London Philharmonic/Vladimir Jurowski – Mahler’s Ninth Symphony

Mahler

Symphony No.9

London Philharmonic Orchestra
Vladimir Jurowski


Reviewed by: David Trulove

Reviewed: 3 December, 2022
Venue: Southbank Centre, London – Royal Festival Hall

Tis the season to be bronchial was amply demonstrated at the end of this account of Mahler’s Ninth Symphony, its closing pages almost hijacked by audience members intent on coughing their way through one of the most magical endings to any Symphony, which splutters into life, on this occasion somewhat hesitantly, second violins (placed to the right) not quite delivering their initial entry with any sense of direction.  

Under the watchful eye of Vladimir Jurowski any sense of Mahler’s faltering heartbeat supposedly embedded into those opening bars was swiftly followed by an unwavering sense of purpose, its broken phrases ultimately shaped into a sustained arch-like span. This account was less a farewell, and even less the “premonition of death” suggested by Alban Berg, more a life-affirming journey, propelled by seventy string-players (18/16/14/12/10), tensile rather than tender in their striving, warmth and beauty of tone traded for muscle. Despite dense layers, nothing sounded congested, Jurowski balancing baleful trombones and a gurgling bass clarinet with a sure sense of integrating their individual sonorities into a kaleidoscopic whole. And at the close what an affectionate embrace we had from solo clarinet, flute and violin, all three players bewitching in their musicianship. Detail, momentum and richness of sound were the guiding principles behind this movement (often claimed as Mahler’s finest single achievement), its emotional highs and lows also adeptly integrated into its architecture.
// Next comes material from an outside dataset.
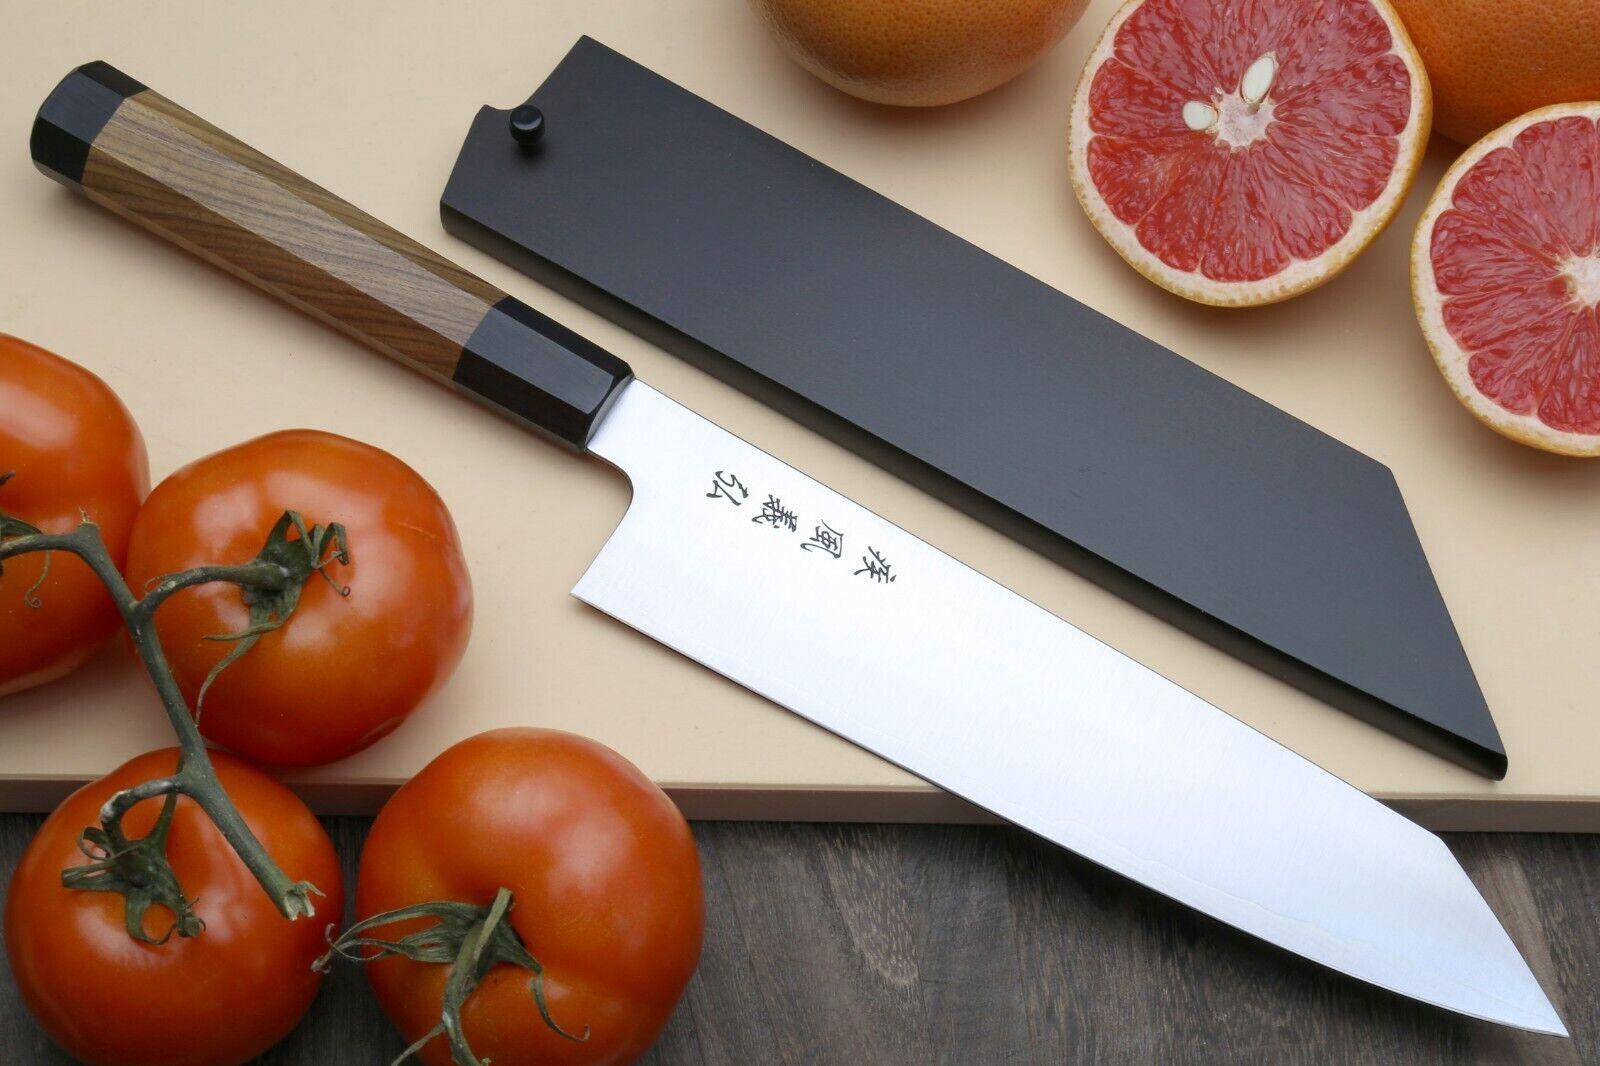 Yoshihiro SG-II (R-2) Semi-Inoxydable Kiritsuke japonais multifonction Chef Couteau

The intensity of the experience was undiminished by a short break (without applause) before the second movement was set in motion by bassoons and violas, second violins grimly determined rather than schwerfällig (ponderous). Tempos were well differentiated in the urban waltz and rustic Ländler, and if charm seemed in short supply there was a terrific sense of attack with crisply articulated rhythms and woodwind at their most sardonic, hysteria hinted at. No less fortifying was the ‘Rondo-Burleske’, variously clangourous, pugnacious and awash with nervous energy, its contrapuntal section imperiously thrown down like a gauntlet. The movement’s terrors found occasional relief in chamber passages, no more tellingly than the pre-echoes of Irving Berlin’s White Christmas from a trumpet.

Such defiance seeped into the final Adagio, Jurowski rejecting an expansive send-off or an unchallenged acceptance of death, preferring to interpret Mahler’s vision as of someone hanging on to life with fierce resolve. Strings were at their most radiant here, their song-like paragraphs admirably shaped, the whole crowned by a magnificent leave-taking marked by superb corporate thinking and totality of control that behoves a truly great orchestra. Even the coughers couldn’t quite dispel the dreamlike atmosphere, life transformed and of greater things to come. It was not quite a transformative experience, but it ran pretty close.